Souls Are Being Lost Because Catholics Are Not Teaching the Faith
As you will see in the presentation of the story and the message, the apparition of the Queen of Heaven to Adele Brise gives a clear tone. It is chaste, challenging, and prophetic. It occurred on October 8 in a country consecrated by its bishops in 1847 to the patronage of the Immaculate Conception of the Mother of God. That collegial dedication was done seven years before the papal definiton, Ineffabilis Deus, of Blessed Pius IX, and twelve years before the apparition. Although Our Lady’s message was specifically for Adele, giving her a mission to catechize and warn God’s sinful children of His wrath (all of His children, religious included), it echoes again even more clearly today, in a time and place in sore need of such a message. Has there ever been a time when Catholics in America were more ignorant of the Faith or more attached to vice and lukewarmness? This message complements all of the approved messages that have come from Mary in the past two centuries, including the most important one of Fatima in 1917: conversion of hearts, penance for sin, and the threat of chastisements and eternal punishment for unrepentant sinners. “I am the Queen of Heaven who prays for the conversion of sinners.” And at Fatima: “I am the Lady of the Rosary. I have come to warn the faithful to amend their lives and to ask pardon for their sins… .”
The message also complements the goals of the Crusade of Saint Benedict Center, to convert America and to defend the dogma of Faith: no salvation outside the Church. Our Lady spoke in 1859 of those “truths that must be known for salvation.” She did not speak about any “inculpability” for those with the use of reason being ignorant of the truths that must be known and believed for salvation. Rather, what she does bring up with Adele — and I will mention it again in the context of the story — is a motherly admonition concerning the young woman’s own culpability in being irresolute: “What are you doing here in idleness,” Mary asked, “…while your companions are working in the vineyard of my Son?” Adele’s “companions” were several girlfriends in Belgium, together with whom she had promised, many years earlier, to enter religious life.

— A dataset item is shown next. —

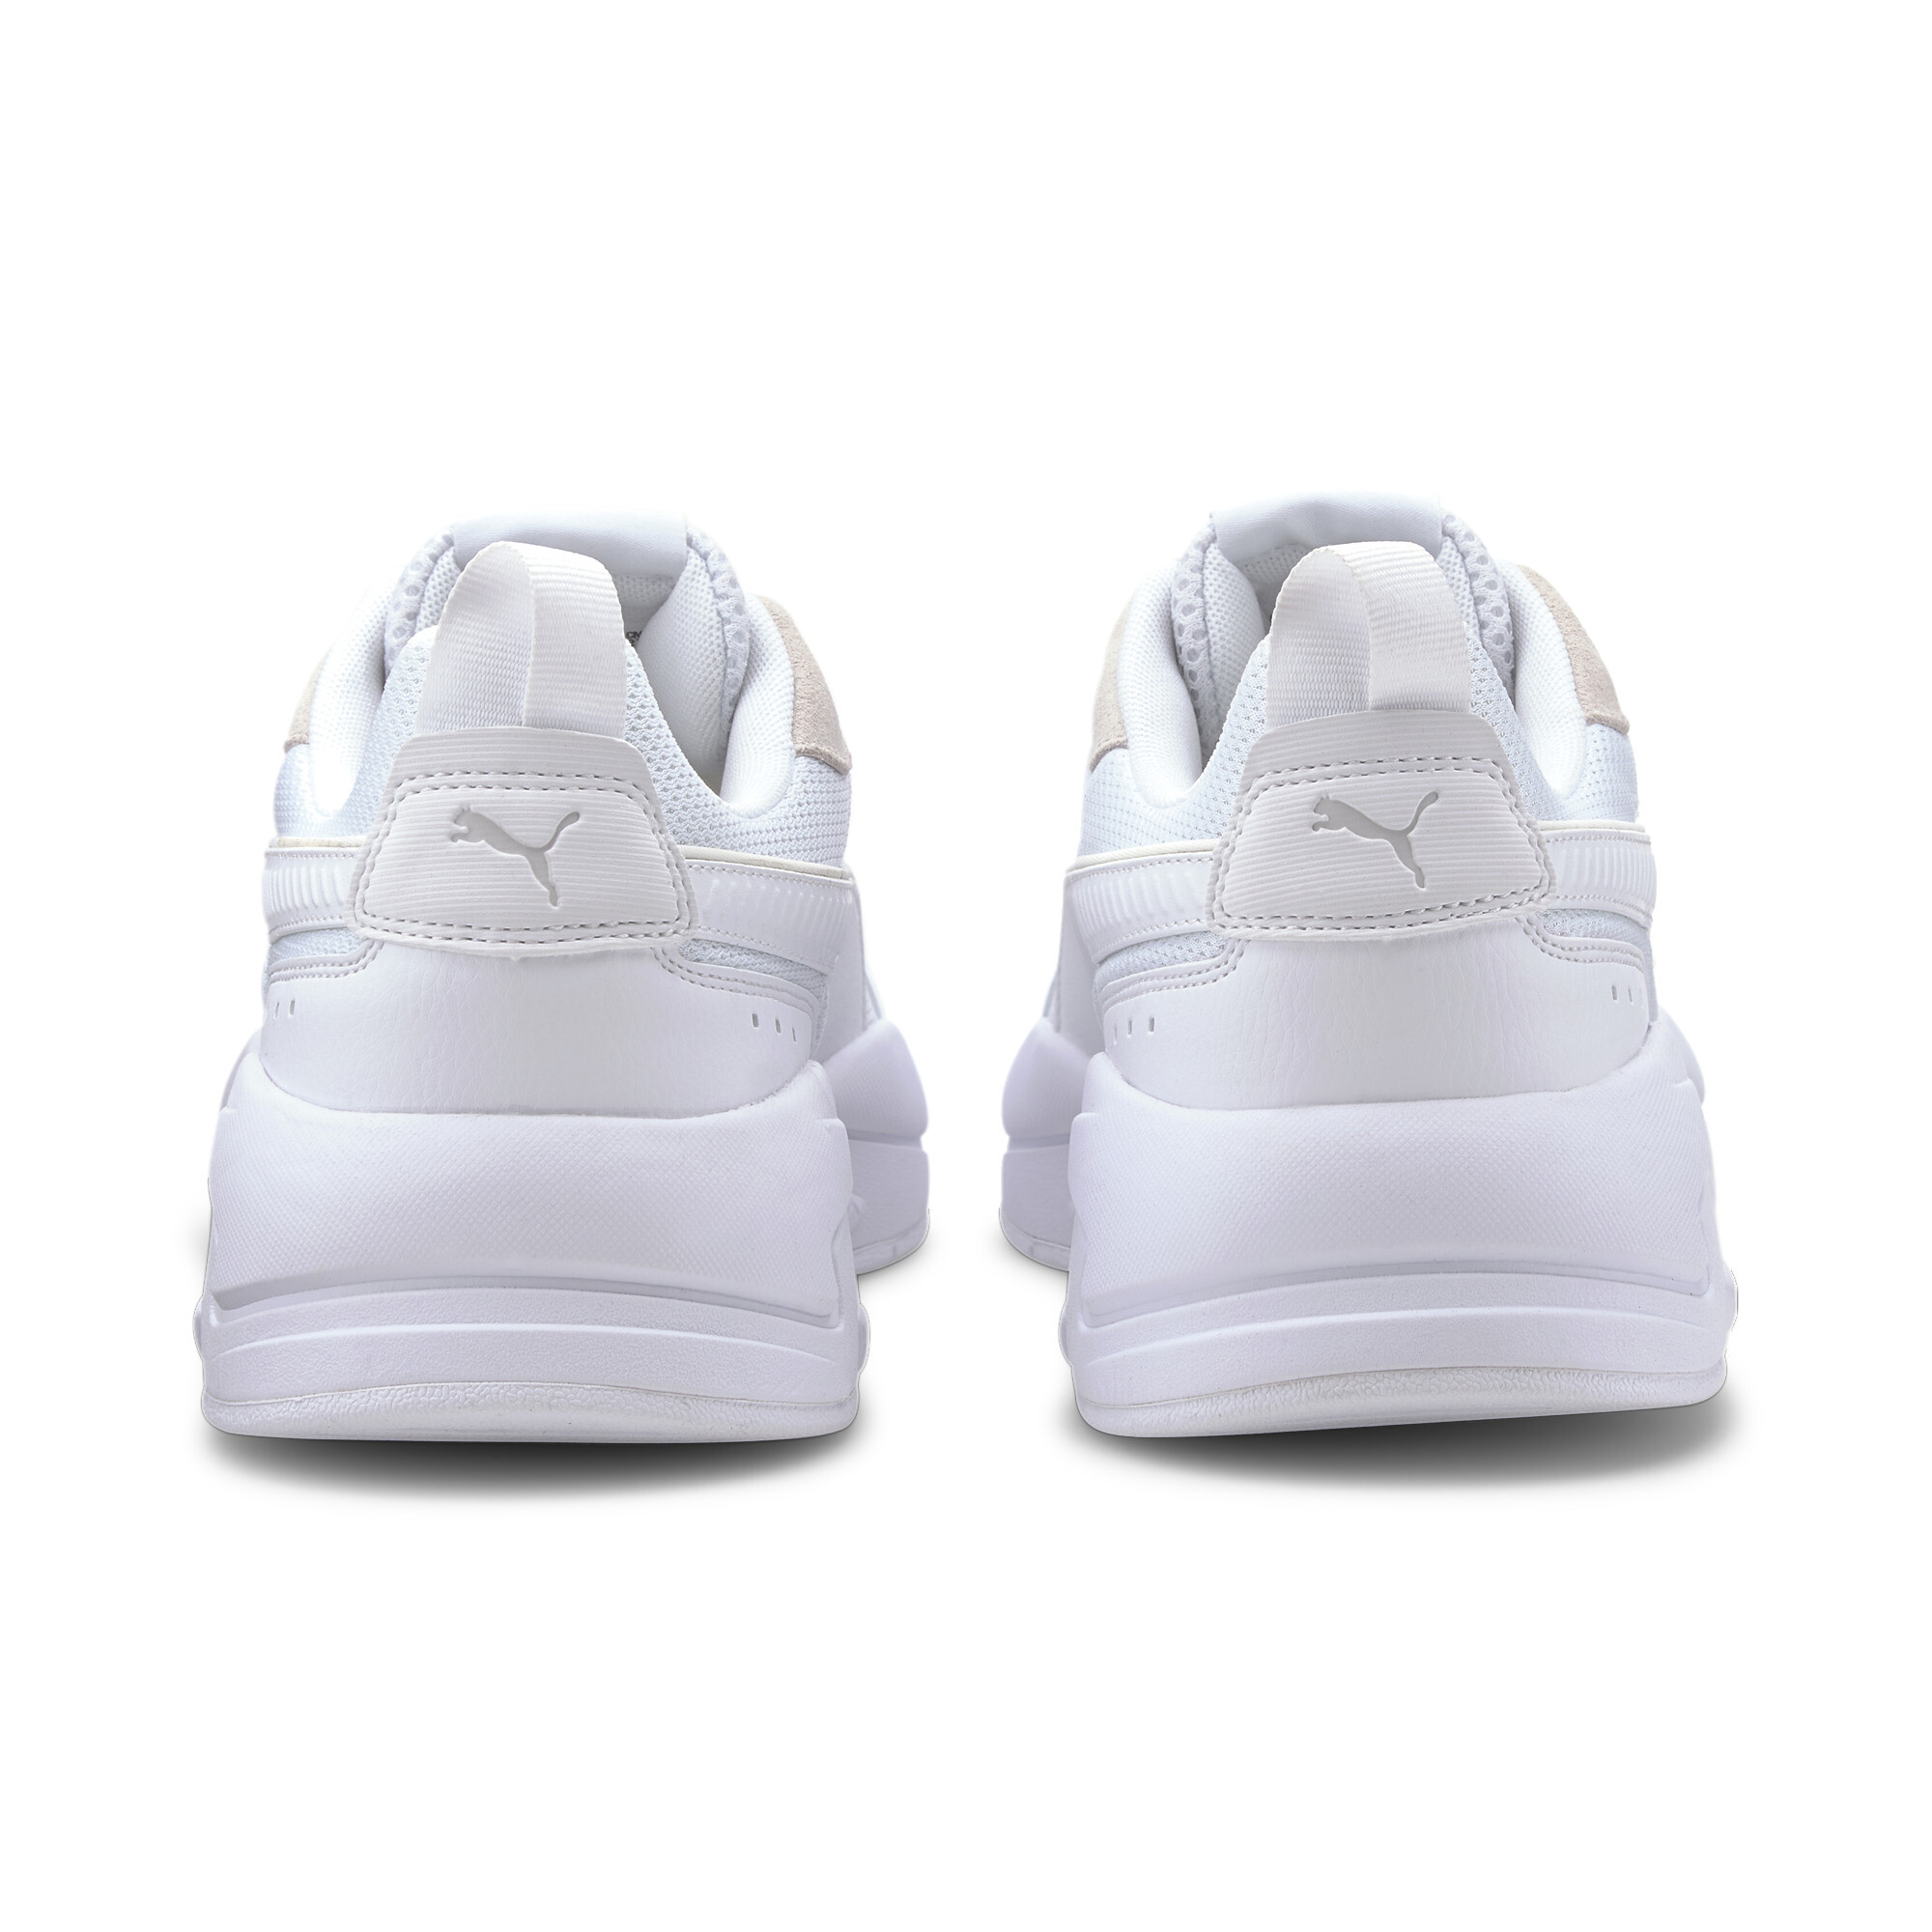 PUMA Men's X-RAY Sneakers | eBay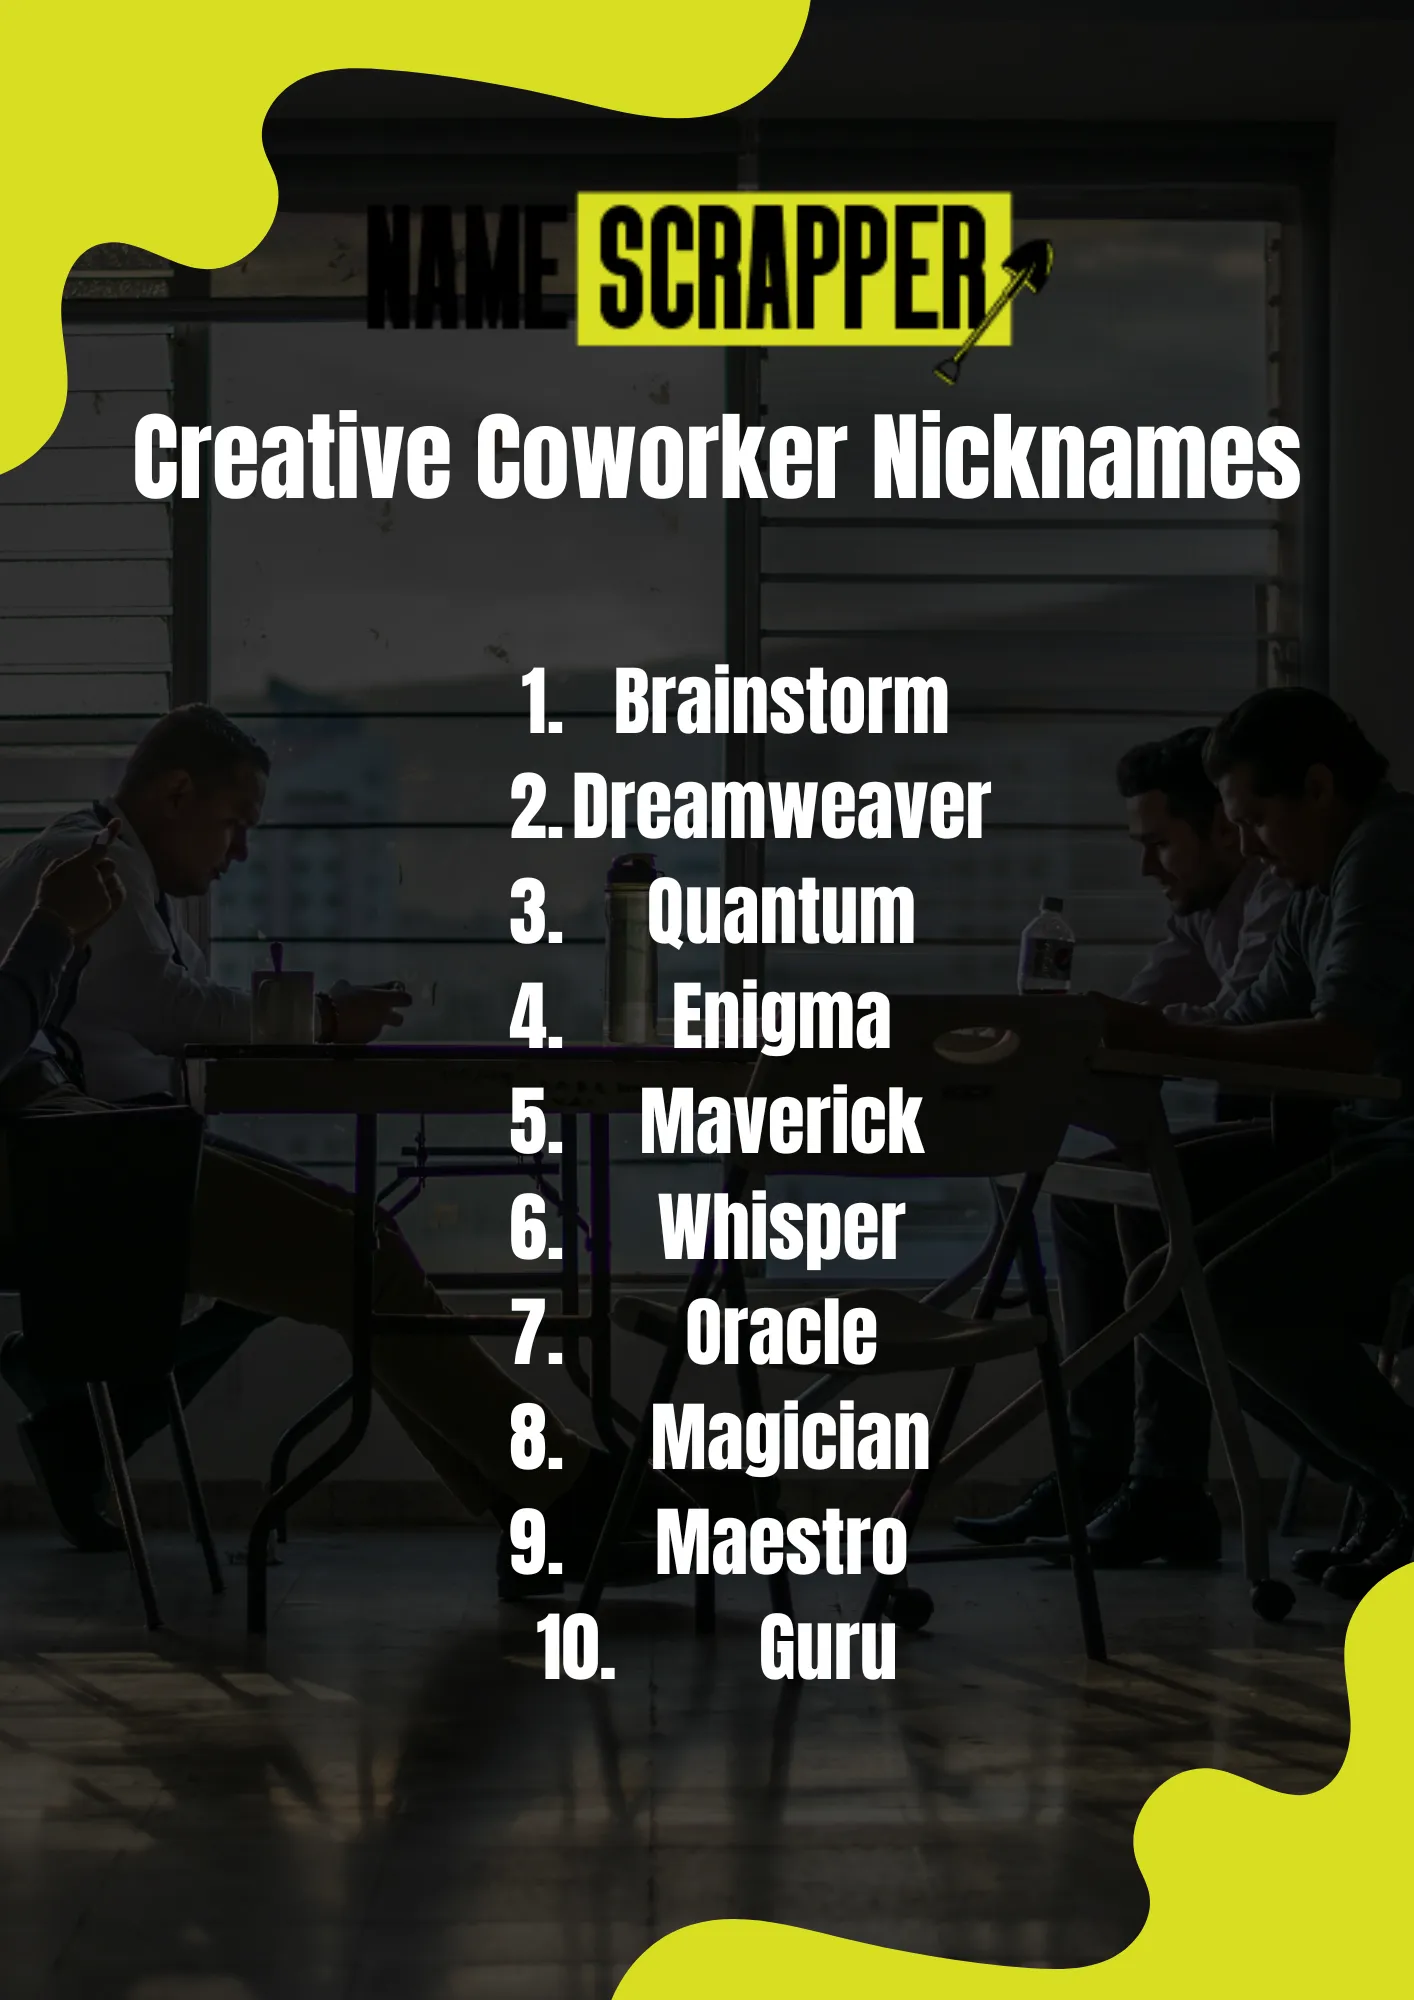 Creative Coworker Nicknames

Canonical Status of the Two Most Prominent United States Marian Apparitions
A little over two years ago I wrote an article for this website on Our Lady of America and the seer, Sister Mary Ephrem Neuzil. I had noted that Sister Mary Ephrem’s bishop, Paul F. Liebold, had approved of the public devotion to Our Lady of America, fostering it in every way, before his death in 1972. Archbishop Raymond Burke, as ordinary of the St. Louis Archdiocese, wrote a detailed letter to the U.S. Conference of Catholic Bishops in 2007, pointing out the history of episcopal support for the devotion and adding his own to theirs. However, there is a technical canonical distinction to be made that I did not know about when I posted the story. Although devotion to Our Lady of America was approved by the visionary’s bishop, and an imprimatur was given to her writings about the apparition and message, the apparition itself was not given final ecclesiastical approbation. Apparently, more supernatural evidence (miracles and/or miraculous cures, conversions) is needed for that final step. Full approbation was given, however, on this past December 8, by Bishop David Ricken of Green Bay, to the heavenly messages communicated to Adele Brise almost one hundred years earlier. In his homily on the holy day of Our Lady’s Immaculate Conception, the Bishop affirmed:
“I declare with moral certainty and in accord with the norms of the Church that the events, apparitions and locutions given to Adele Brise in October of 1859 do exhibit the substance of supernatural character, and I do hereby approve these apparitions as worthy of belief (although not obligatory) by the Christian faithful. I encourage the faithful to frequent this holy place as a place of solace and answered prayer.” For the past hundred years miracles, cures, and conversions have abounded at this holy site in Champion, Wisconsin. Our Lady of Good Help Shrine is now, officially, the first approved site in the United States for a Marian apparition.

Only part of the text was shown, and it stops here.